▶ The data
--------------------------------------------------

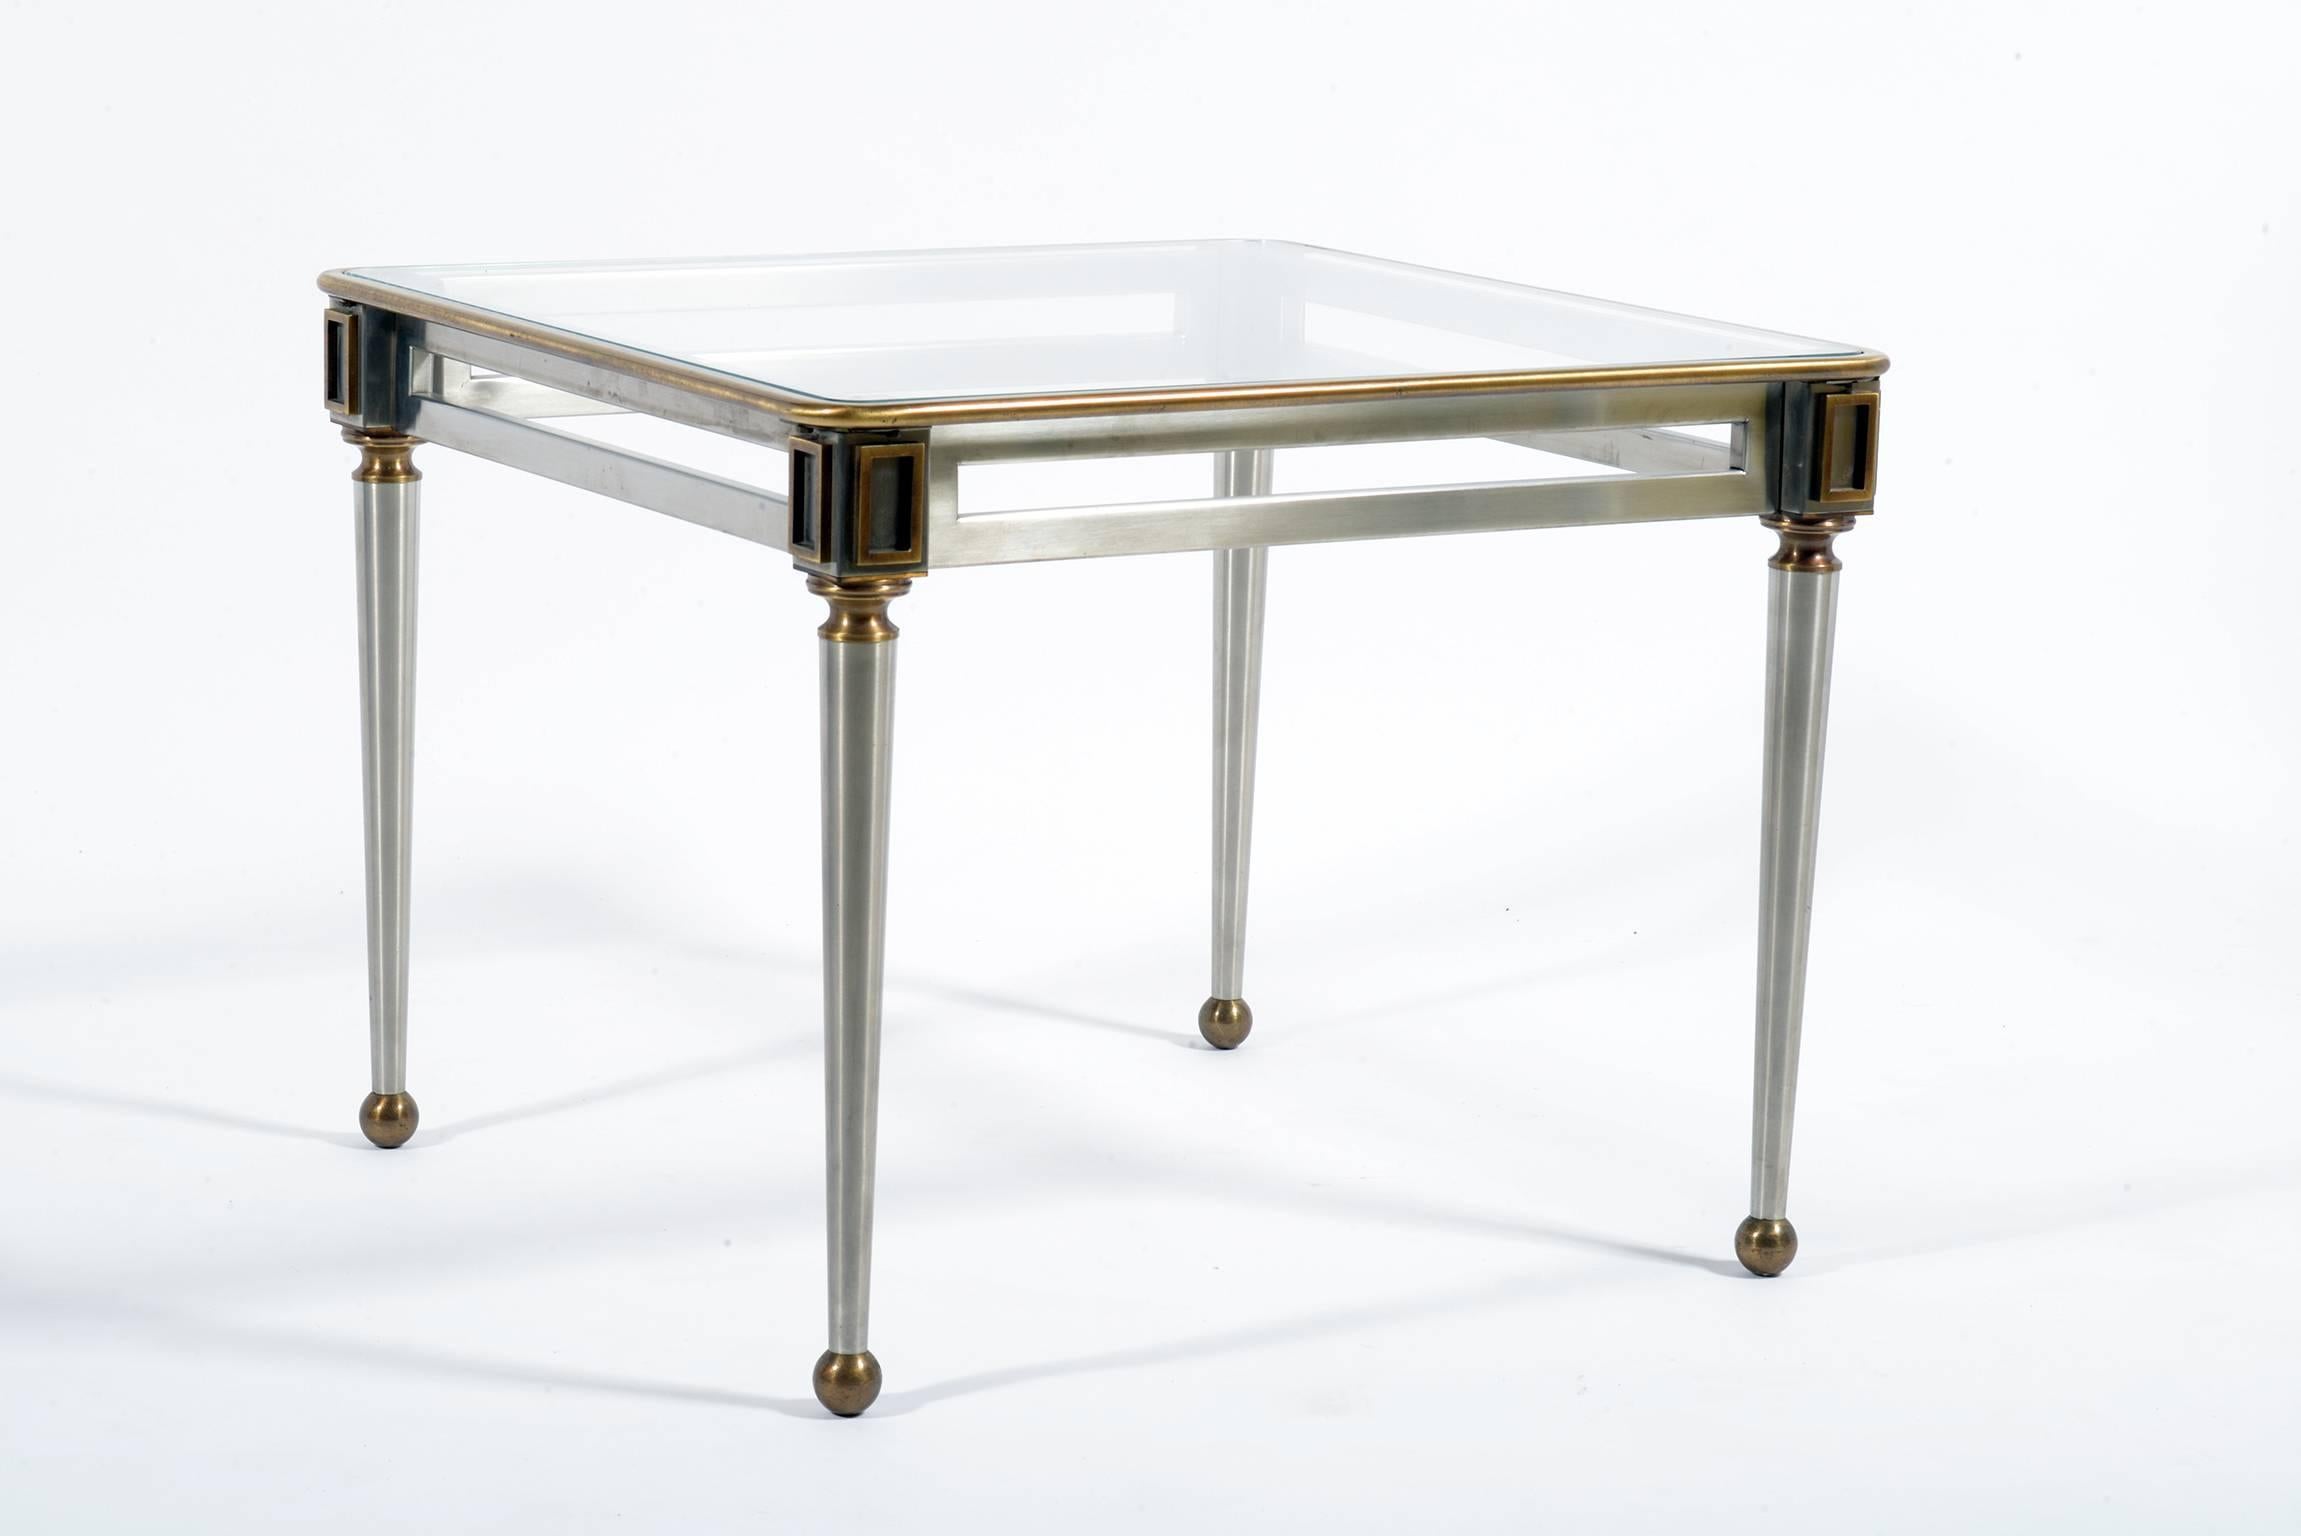 Pair of midcentury steel and brass details elegant squared side tables or nightstands, thick beveled glass top rounded corner.
Banci Florence, Italy, 1960s.
The price is for two.
 

--------------------------------------------------

▶ What the exercise asks
Would you please transcribe the listing in full, exactly, while omitting the images?

▶ Written answer
 Pair of midcentury steel and brass details elegant squared side tables or nightstands, thick beveled glass top rounded corner.
Banci Florence, Italy, 1960s.
The price is for two.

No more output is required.